Tobry carried the scabbard out into the salon, drew the sword, sliced the air across and down, then diced it. ‘It’s beautifully balanced.’ He flicked the tip, ting. ‘Lovely metalwork. It’s titane, almost unbreakable. And damnably hard to forge.’

It had a bluish tint and the blade was slightly curved, like a sabre, though it had cutting edges on front and back. An inscription down the blade was so worn as to be illegible save for the first two words, Heroes must.

Heroes must?’ said Tobry, looking from the blade to Rix, then back to the blade. ‘What does that remind me of?’

Rix had no idea. ‘Mother said it’s enchanted to protect its owner,’ he said reluctantly. His throat tightened. He thumped his chest a couple of times to clear his air passages.

Tobry ran a finger along the flat of the blade and pale yellow swirls appeared in the air around it. ‘No ordinary charm, though.’

‘What do you mean?’

‘It’s not meant to work against soldiers, or wild beasts.’

‘Really? What’s the good of it, then?’

‘It protects against magery.’

Sweat formed in Rix’s armpits. ‘Why would anyone attack me with magery?’

‘I can’t imagine,’ Tobry said drily. He handed it to Rix and went out.

The sword jerked like a dowsing rod and swung around until its quivering tip pointed towards the heatstone. For a few seconds Rix strained to hold it, then it stilled like any other lifeless blade.

Was the magery of a sword enchanted to protect its owner worse than the attack of some uncanny creature? Probably not.

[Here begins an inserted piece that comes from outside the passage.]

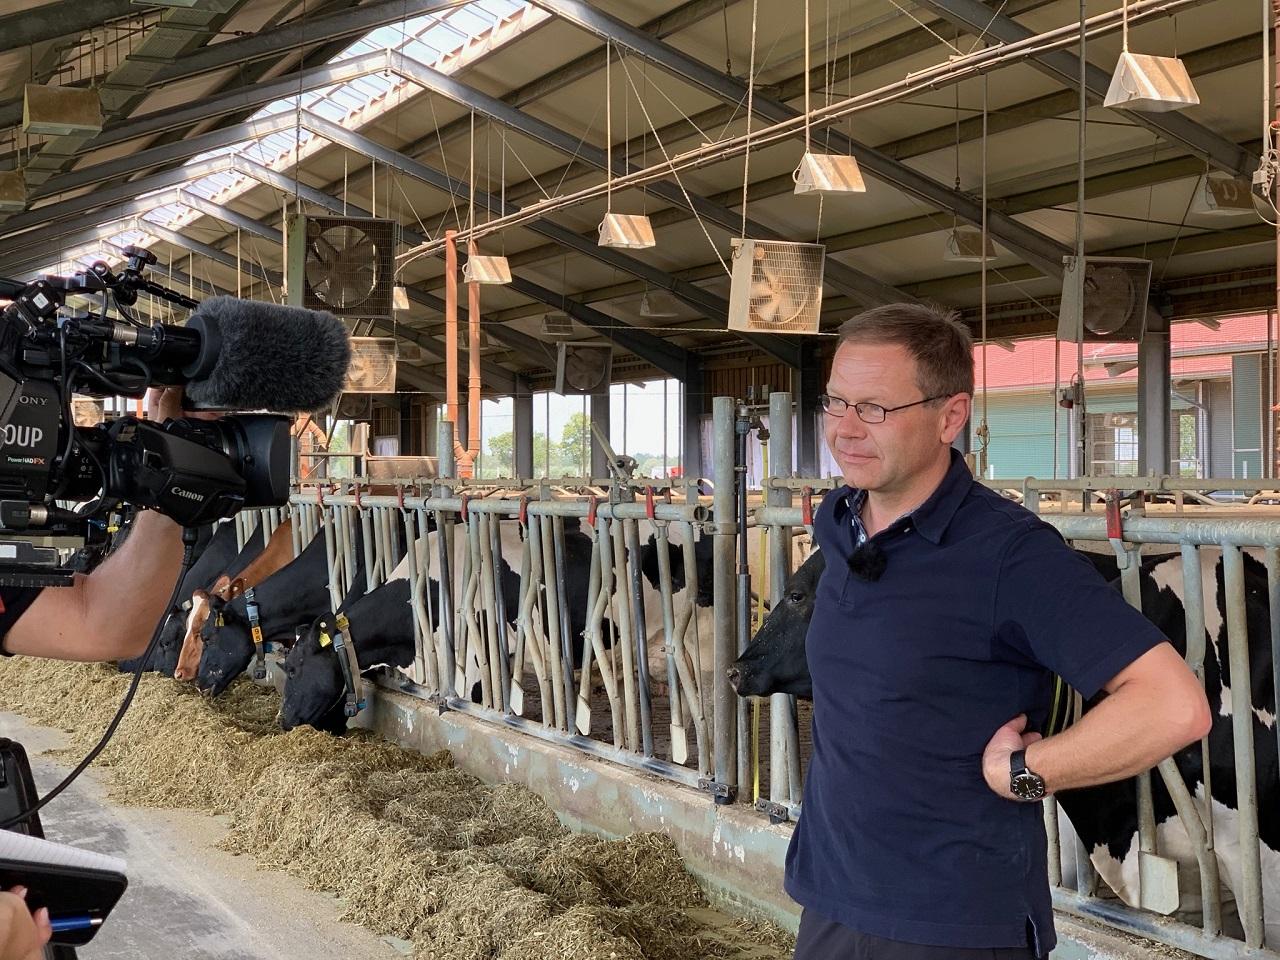 Випробувано Agroexpertом - Побачити світ очима корови

He slammed it into its scabbard and belted it on, shuddering. After considering his kilt, head to one side, he tossed it into his bag in case the weather turned warm.

Tobry reappeared with a small case containing balms and potions, bandages and needles.

‘What’s that for?’ said Rix irritably.

‘When some beast tears your legs off, I’ll be able to sew the loose skin over your stumps,’ Tobry said casually.

Rix felt a phantom pain at mid-thigh level, but shook it off.

‘Why go at this time of night?’ asked Tobry.

‘It’ll be light when we get there.’

‘And by the time the servants wake Lady Ricinus, she won’t be able to order you back.’

Rix didn’t bother to reply. Tobry knew him better than he knew himself.

‘What are we hunting?’ Tobry went on.

‘I don’t care, the more savage the better. I need to cleanse myself.’

‘Of what?’

‘I can’t tell! But there’s something wrong inside me.’

‘Drinking and wenching aren’t crimes. Even Lady Ricinus encourages you in that.’

‘I’d feel better if she disapproved. What kind of a mother urges her only son into debauchery?’

Tobry opened his mouth, but wisely closed it again.

Something is badly wrong with the world,’ said Rix. ‘And I feel as though it’s all down to me.’

‘Hightspall’s troubles began over a century ago.’

‘I know. Yet I still feel it’s my fault!’

Tobry frowned at that. ‘Well, I’m not sure that killing some unfortunate beast is the answer.’

‘Right now,’ Rix said bleakly, ‘it’s the only answer I’ve got.’